Technical - Adversarial Attacks

Saihub.info

Category: Technical

Potential Source of Harm: Adversarial Attacks

Updated February 5, 2025

Nature of Harm

Adversarial attacks involve the use of specially-structured data that causes AI models to perform other than as expected or intended. Adversarial data is usually presented to a trained model that is in use, but may also be included in training data. Research shows that many AI models are inherently vulnerable to such attacks.

There are many types of adversarial attacks, which are constantly evolving (similar to the way that other computer malware evolves). Example of attacks include:

large language model (LLM) "jailbreaks" and other prompt injection attacks -- This involves specially-designed prompts that avoid the "guardrails" that are included in many LLMs to avoid toxic, dangerous and/or otherwise unwanted content. Some resources on these attacks are:
- Ignore This Title and HackAPrompt: Exposing Systemic Vulnerabilities of LLMs through a Global Scale Prompt Hacking Competition (arXiv paper March 2024)
- Jailbreaking Black Box Large Language Models in Twenty Queries (arXiv paper October 2023)
- Lakera, Jailbreaking Large Language Models: Techniques, Examples, Prevention Methods
- Stanford Human-Centered Artificial Intelligence, Can Foundation Models Be Safe When Adversaries Can Customize Them?
- Gary Marcus, When it comes to security, LLMs are like Swiss cheese — and that’s going to cause huge problems (October 2024).
manipulation of images or physical objects to defeat image recognition -- This involves adding specially-structured data to an image or applying additional features to a physical object, in a way that changes the classification of an object by an AI model without fundamentally changing how the object is perceived by a human. For example, this article from Carnegie Mellon University gives well-known examples including misclassification of a stop sign as a speed limit sign and a panda as a gibbon.
data exfiltration, e.g.
- Data exfiltration from Writer.com with indirect prompt injection (December 2023)
- Hacker plants false memories in ChatGPT to steal user data in perpetuity (September 2024).

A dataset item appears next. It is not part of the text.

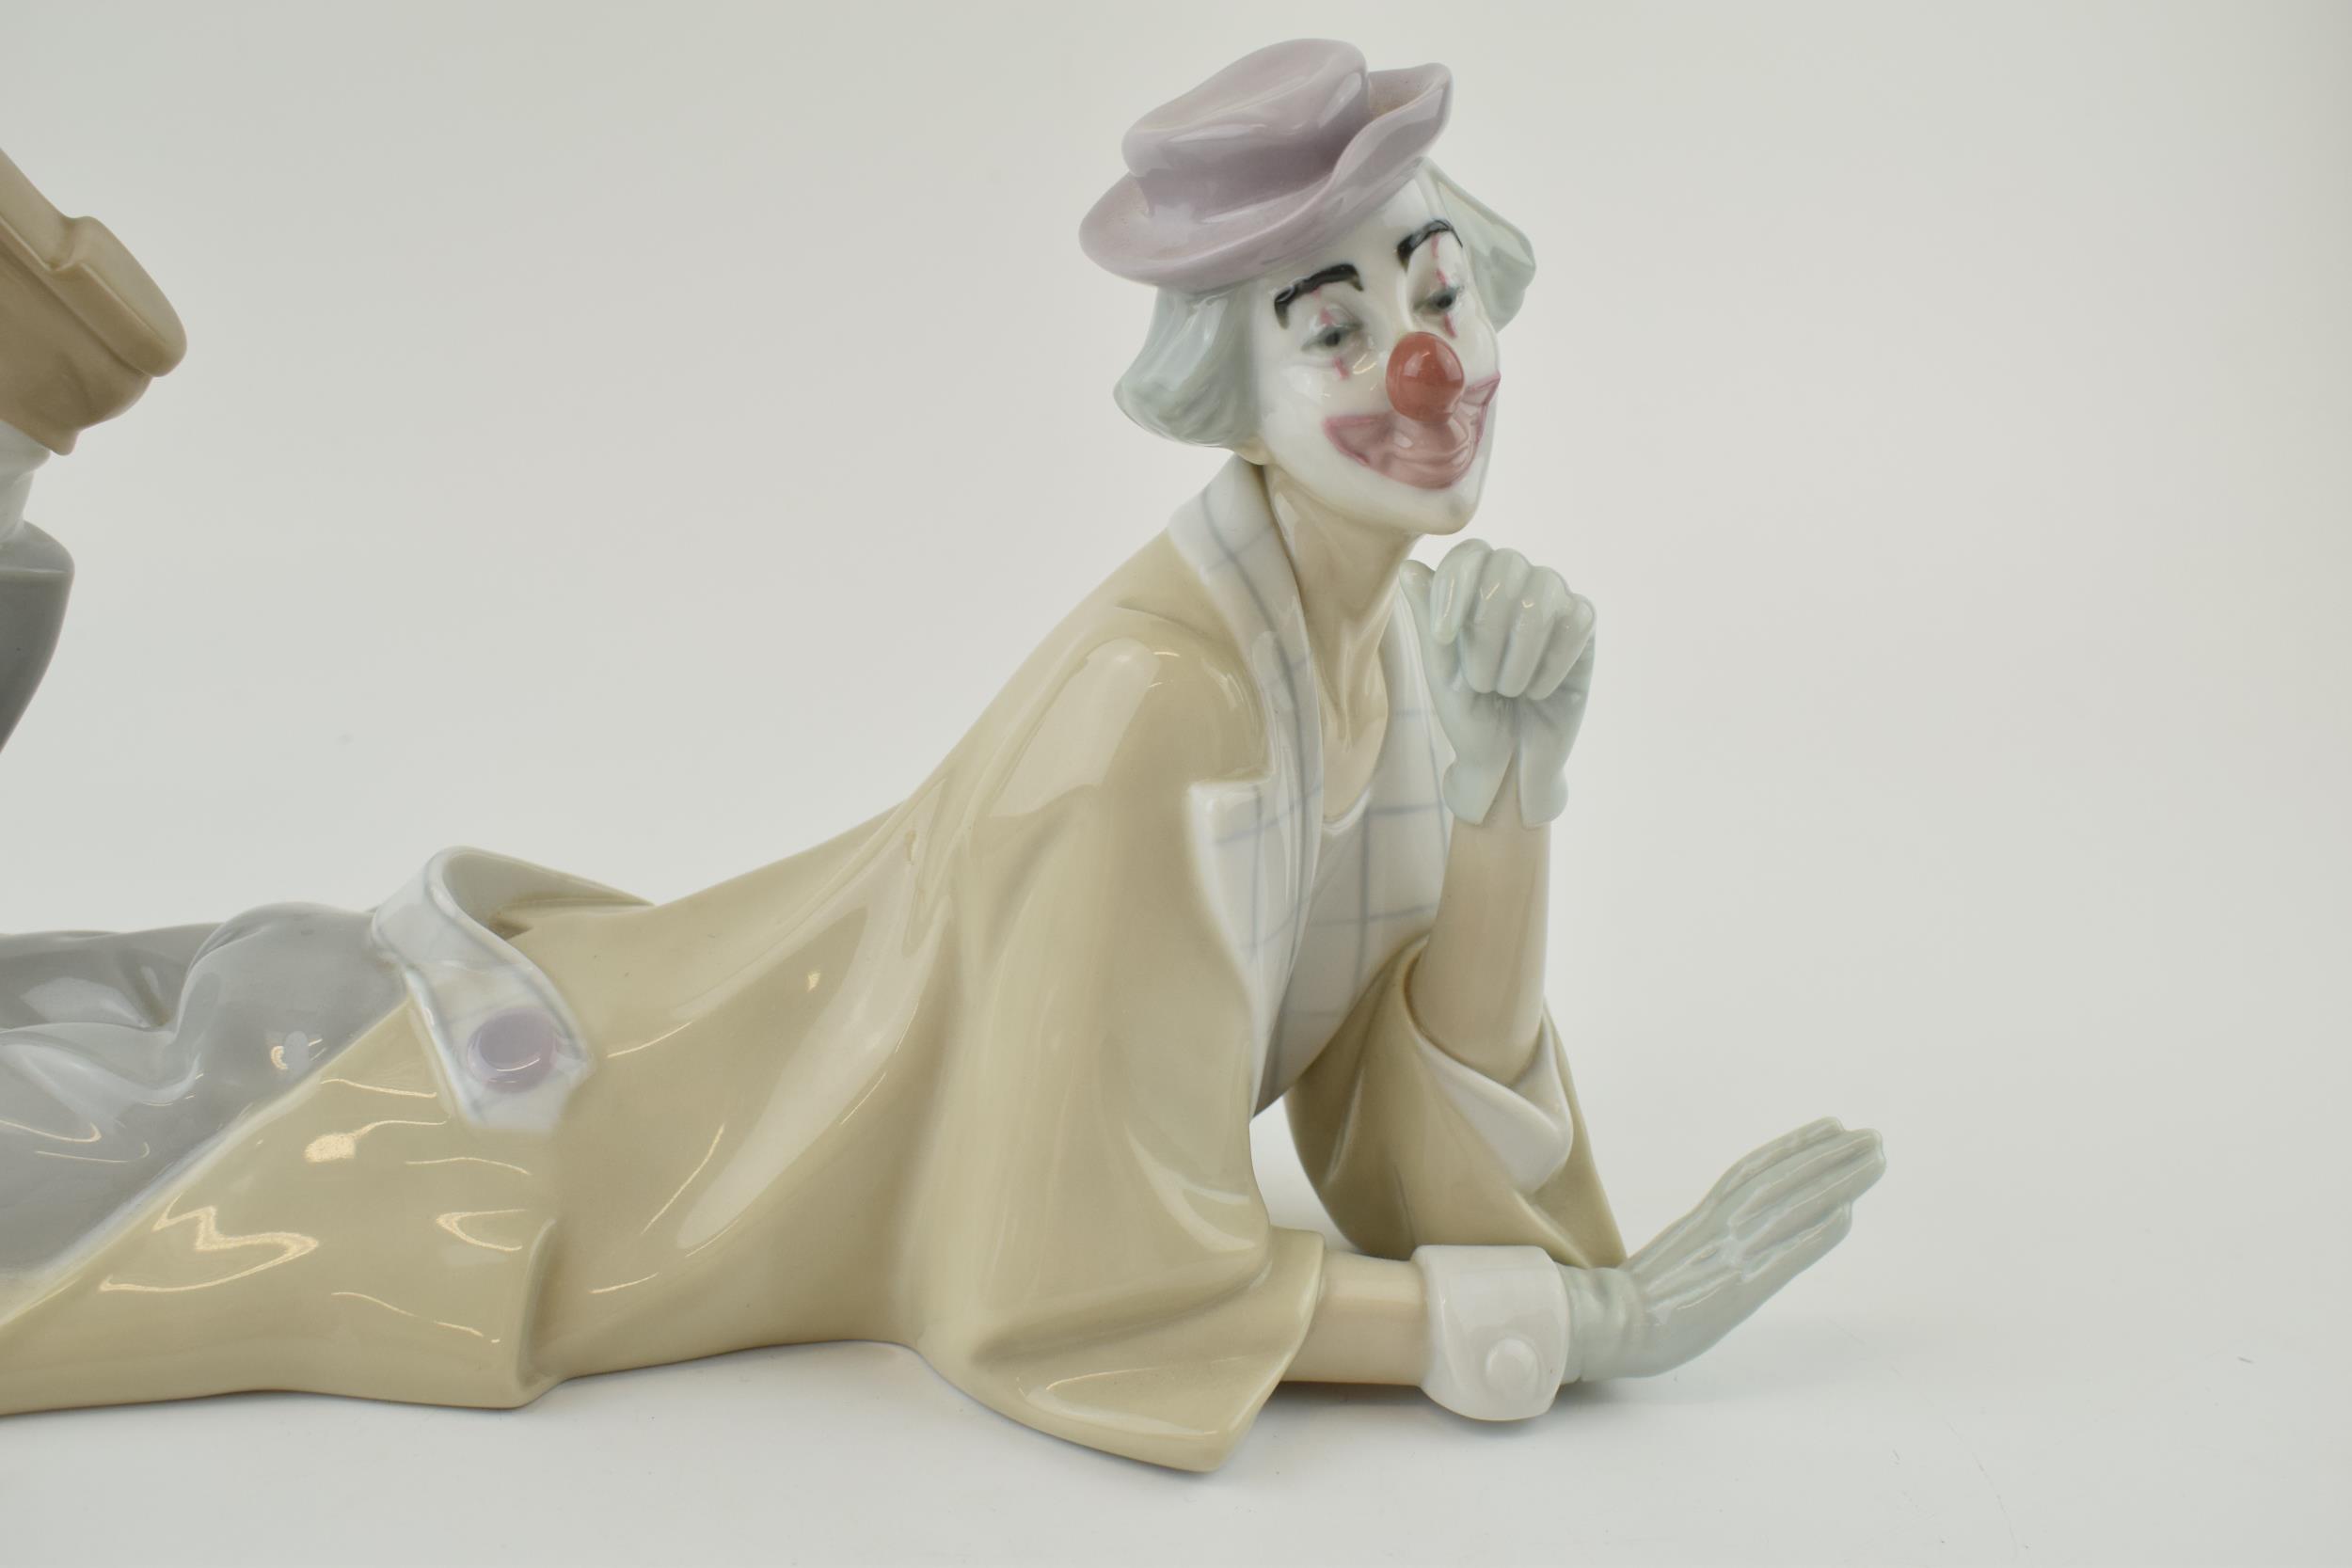 Large Lladro clown figurine model no 4618, 15.5cm tall and 37cm. In good condition with no obvious - Image 2 of 3

Regulatory and Governance Solutions

Regulation governing the robustness of AI systems is beginning to emerge. For example:

The EU AI Act includes requirements on risk management and data goverance for AI systems.
The Chinese Regulations on the Administration of Internet Information Service Recommendation Algorithms require that algorithms be assessed for efficacy and security.

Requirements like these fairly clearly include an obligation to avoid dangerous vulnerability to adversarial attacks.

The need to deal with adversarial techniques is more explicit in emerging AI governance initiatives. For example, the Guidelines for secure AI system development (released in November 2023 by the UK National Cyber Security Centre, the US Cybersecurity and Infrastructure Security Agency and cybersecurity bodies of about 20 other countries) identify "adversarial machine learning" as a key challenge of AI security and recommend steps to address it. The US National Institute of Standards and Technology has published Adversarial Machine Learning: A Taxonomy and Terminology of Attacks and Mitigations.

Technical Solutions

Development of AI models that are robust against adversarial threat is a core area of AI research and development.

Preventing adversarial attacks on AI models is very challenging, particularly because the large size and "black box" nature of deep neural networks makes them inherently vulnerable to such attacks. There is extensive research literature on these issues, some of which is summarized in this December 2022 survey of adversarial attacks and defenses for image recognition.

The Adversarial Robustness Toolbox (ART) is an open-source Python library that "provides tools that enable developers and researchers to evaluate, defend, certify and verify Machine Learning models and applications against the adversarial threats of Evasion, Poisoning, Extraction, and Inference."

Resistance of leading LLMs to adversarial attacks appears to be gradually increasing. For example, in early 2025, Anthropic announced new techniques for its Claude LLMs that substantially reduce their vulnerability to jailbreaks.

Government Entities

Chinese regulators, including the Cyberspace Administration of China (CAC), already have significant authority for regulation of AI models, as mentioned above. EU and EU member state regulators will eventually have analogous authority under the EU AI Act; and the US has given some authority to various government agencies.

Government AI research institutions may also play a significant role in developing solutions for AI model mismatch.

Private Entities

The Coalition for Secure AI (CoSAI) is "an open ecosystem of AI and security experts from industry leading organizations dedicated to sharing best practices for secure AI deployment and collaborating on AI security research and product development", announced in July 2024 with participation by many leading AI companies.

Many private companies and other entities are working on improved AI models and applications using them. Detailing this work is beyond the scope of Saihub.info, but we may later add more detailed summaries of this work.